Optionally, in some embodiments, the second HDR image may be further processed by using an exponent of 2, log, or in another manner, to obtain the third HDR image.

FIG. 14 is a block diagram of a structure of an electronic device according to an embodiment of this application. As shown in FIG. 14, the electronic device 1400 includes an obtaining unit 1401, a processing unit 1402, and an encoding unit 1403.

The obtaining unit 1401 is configured to obtain a first HDR image and first base layer data corresponding to the first HDR image.

The processing unit 1402 is configured to determine first intermediate enhancement layer data based on the first HDR image and the first base layer data.

The processing unit 1402 is further configured to process the first intermediate enhancement layer data based on a first mapping relationship, to obtain first enhancement layer data.

The encoding unit 1403 is configured to encode the first base layer data, the first enhancement layer data, and first metadata, to obtain a bitstream.

For specific functions and beneficial effect of the obtaining unit 1401, the processing unit 1402, and the encoding unit 1403, refer to the foregoing embodiments. For brevity, details are not described herein again.

In some embodiments, the obtaining unit 1401, the processing unit 1402, and the encoding unit 1403 may be implemented by a processor.

FIG. 15 is a block diagram of a structure of another electronic device according to an embodiment of this application. The electronic device 1500 shown in FIG. 15 includes a decoding unit 1501 and a processing unit 1502.

The decoding unit 1501 is configured to decode an obtained bitstream, to obtain first base layer data, first enhancement layer data, and first metadata.

The processing unit 1502 is configured to process the first enhancement layer data based on a third mapping relationship, to obtain third intermediate enhancement layer data.

The processing unit 1502 is further configured to determine a second HDR image based on the third intermediate enhancement layer data and the first base layer data.

For specific functions and benefit effect of the decoding unit 1501 and the processing unit 1502, refer to the foregoing embodiments. For brevity, details are not described herein.

In some embodiments, the decoding unit 1501 and the processing unit 1502 may be implemented by a processor.

An embodiment of this application further provides an electronic device. The electronic device may be configured to implement the foregoing encoding method embodiment. The electronic device includes a processor and a storage. The processor is configured to execute computer program or instructions stored in the storage, or read data/signaling stored in the storage, to perform the methods in the foregoing method embodiments. The storage may be integrated with the processor, or may be disposed separately. The storage may be further configured to store a bitstream determined by the processor. Optionally, there are one or more processors. Optionally, there are one or more storages. Optionally, the electronic device may further include a transceiver. The transceiver is configured to receive and/or send a signal. For example, the transceiver may be configured to send the bitstream determined by the processor to another electronic device.

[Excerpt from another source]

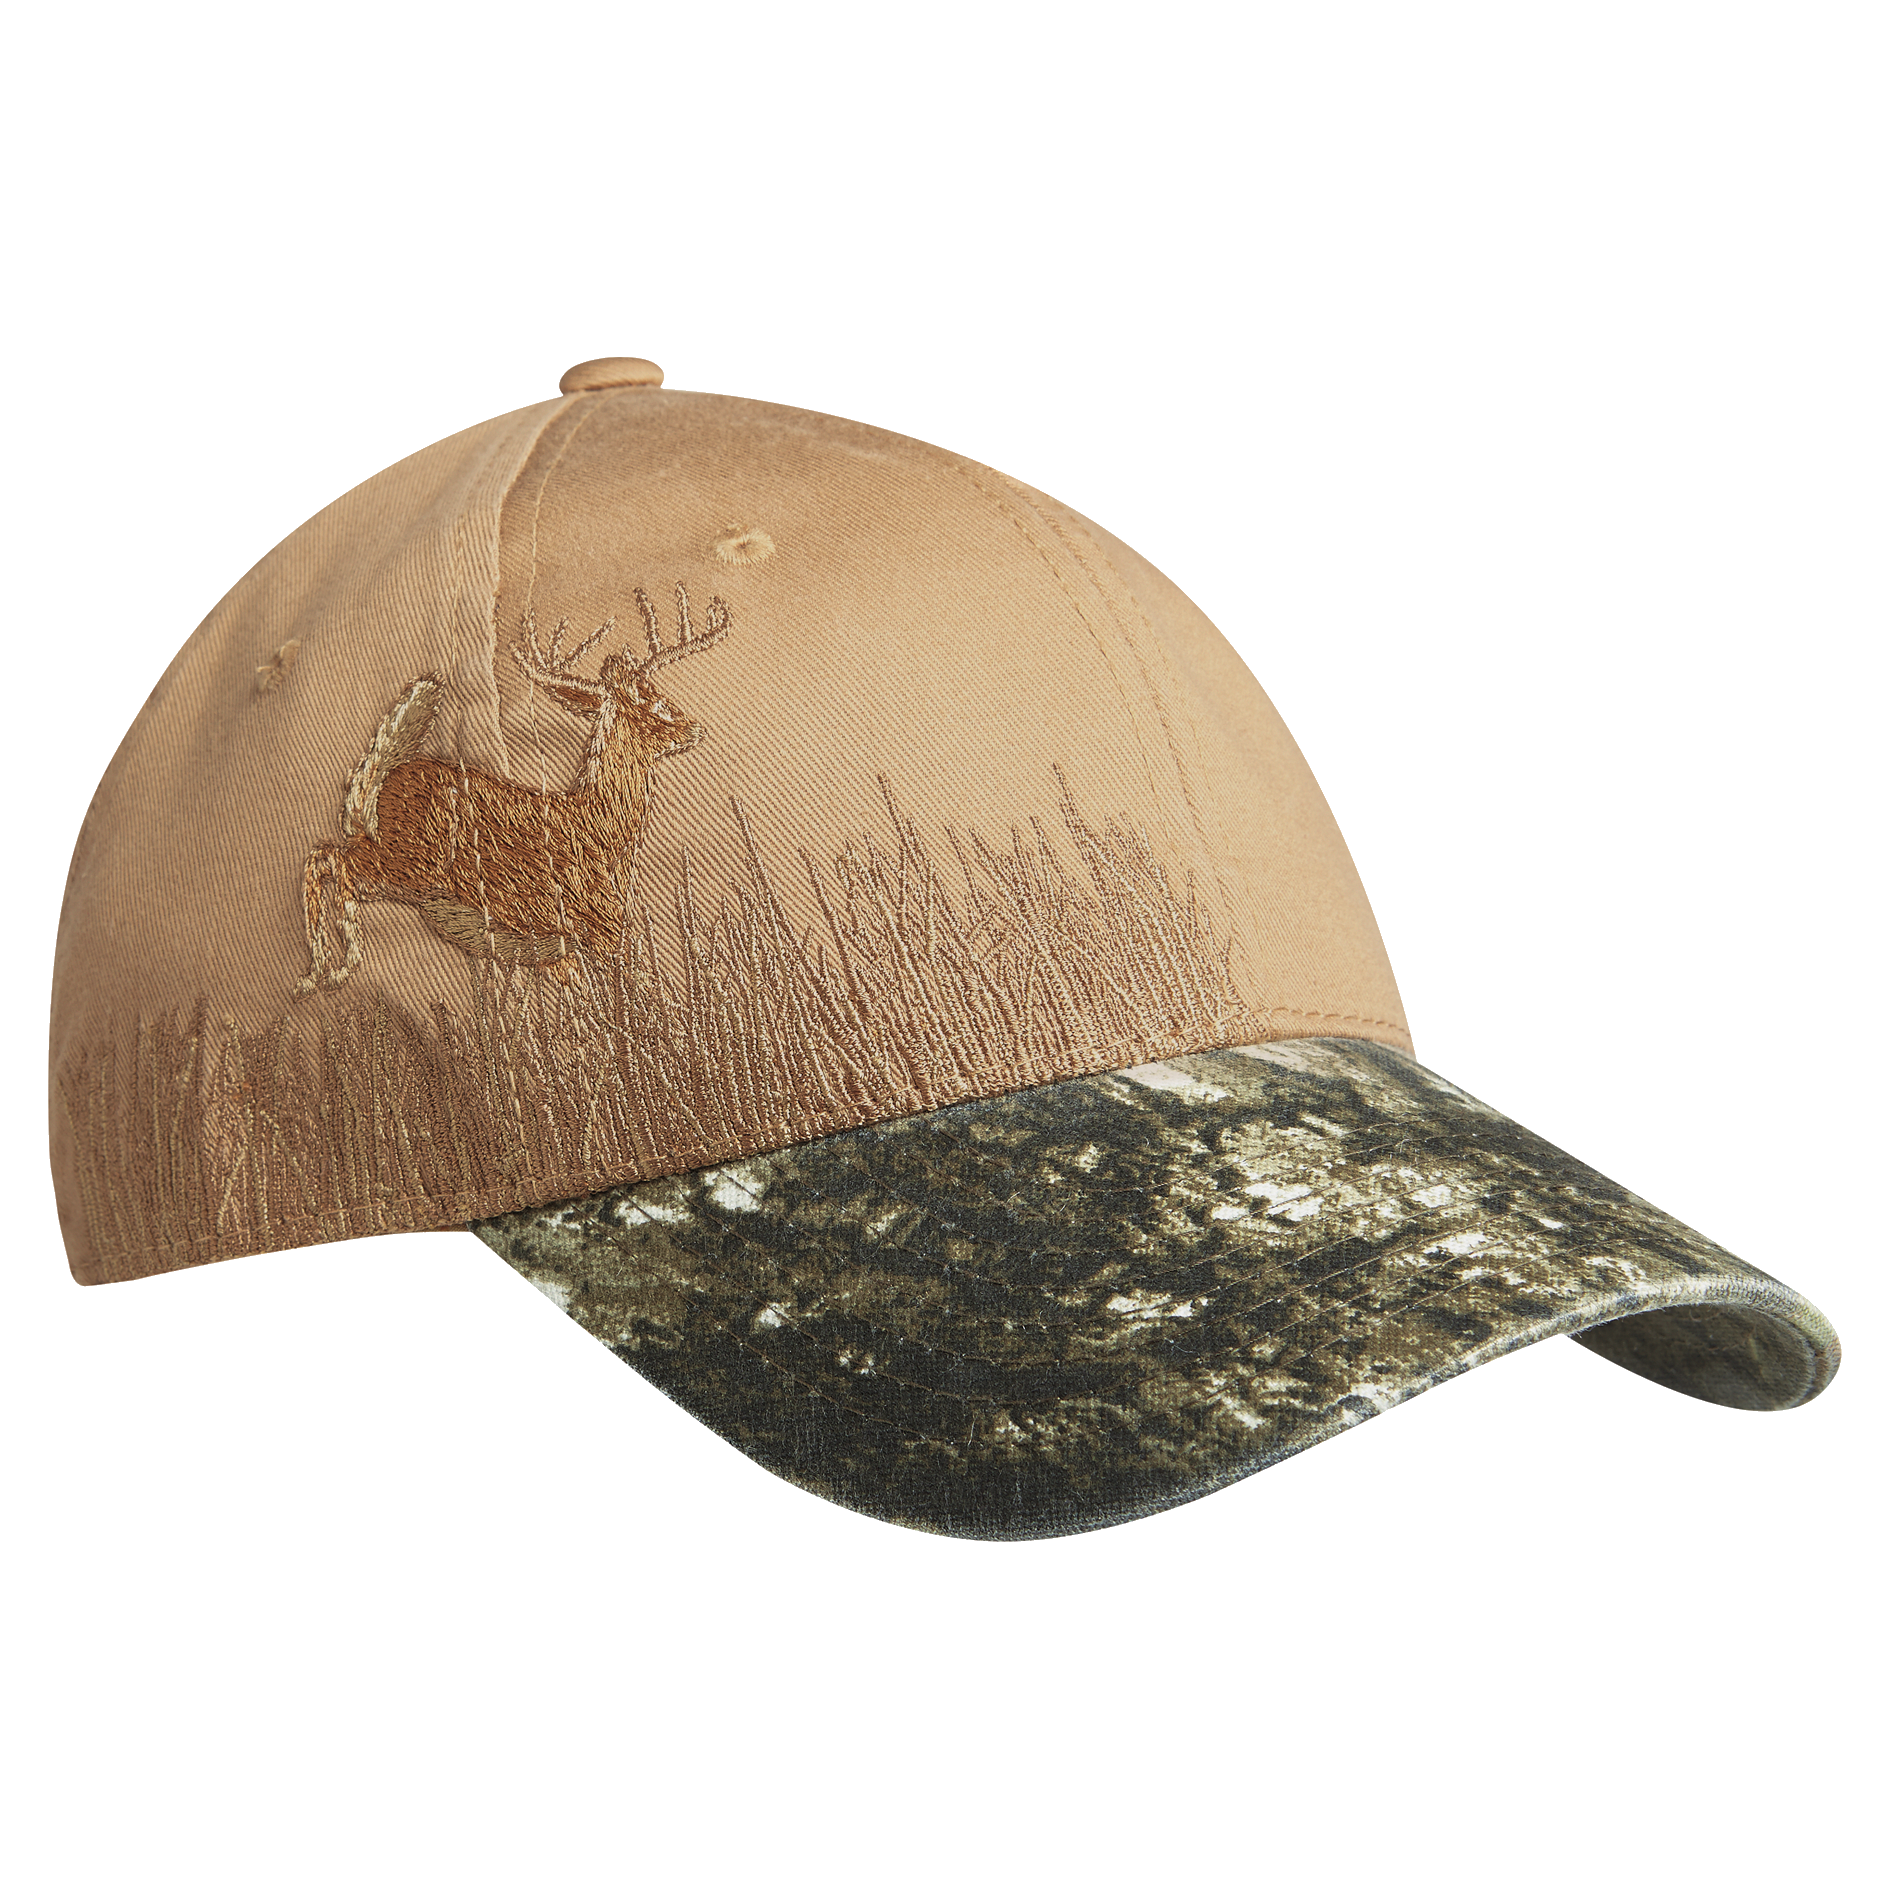 D1431 Embroidered Camouflage Cap

An embodiment of this application further provides an electronic device. The electronic device may be configured to implement the foregoing decoding method embodiment. The electronic device includes a processor and a storage. The processor is configured to execute computer program or instructions stored in the storage, or read data/signaling stored in the storage, to perform the methods in the foregoing method embodiments. The storage may be integrated with the processor, or may be disposed separately. Optionally, there are one or more processors. Optionally, there are one or more storages. Optionally, the electronic device may further include a transceiver. The transceiver is configured to receive and/or send a signal. For example, the transceiver may be configured to receive a bitstream.

It should be understood that, the processor mentioned in embodiments of this application may be a central processing unit (central processing unit, CPU), and may further be another general-purpose processor, a digital signal processor (digital signal processor, DSP), an application-specific integrated circuit (application-specific integrated circuit, ASIC), a field programmable gate array (field programmable gate array, FPGA) or another programmable logic device, a discrete gate or transistor logic device, a discrete hardware component, or the like. The general-purpose processor may be a microprocessor, or the processor may be any conventional processor or the like.

It should be further understood that the storage mentioned in embodiments of this application may be a volatile memory and/or a non-volatile memory. The non-volatile memory may be a read-only memory (read-only memory, ROM), a programmable read-only memory (programmable ROM, PROM), an erasable programmable read-only memory (erasable PROM, EPROM), an electrically erasable programmable read-only memory (electrically EPROM, EEPROM), or a flash memory. The volatile memory may be a random access memory (random access memory, RAM). For example, the RAM may be used as an external cache. By way of example, but not limitation, the RAM includes the following a plurality of forms, such as a static random access memory (static RAM, SRAM), a dynamic random access memory (dynamic RAM, DRAM), a synchronous dynamic random access memory (synchronous DRAM, SDRAM), a double data rate synchronous dynamic random access memory (double data rate SDRAM, DDR SDRAM), an enhanced synchronous dynamic random access memory (enhanced SDRAM, ESDRAM), a synchlink dynamic random access memory (synchlink DRAM, SLDRAM), and a direct rambus random access memory (direct rambus RAM, DR RAM).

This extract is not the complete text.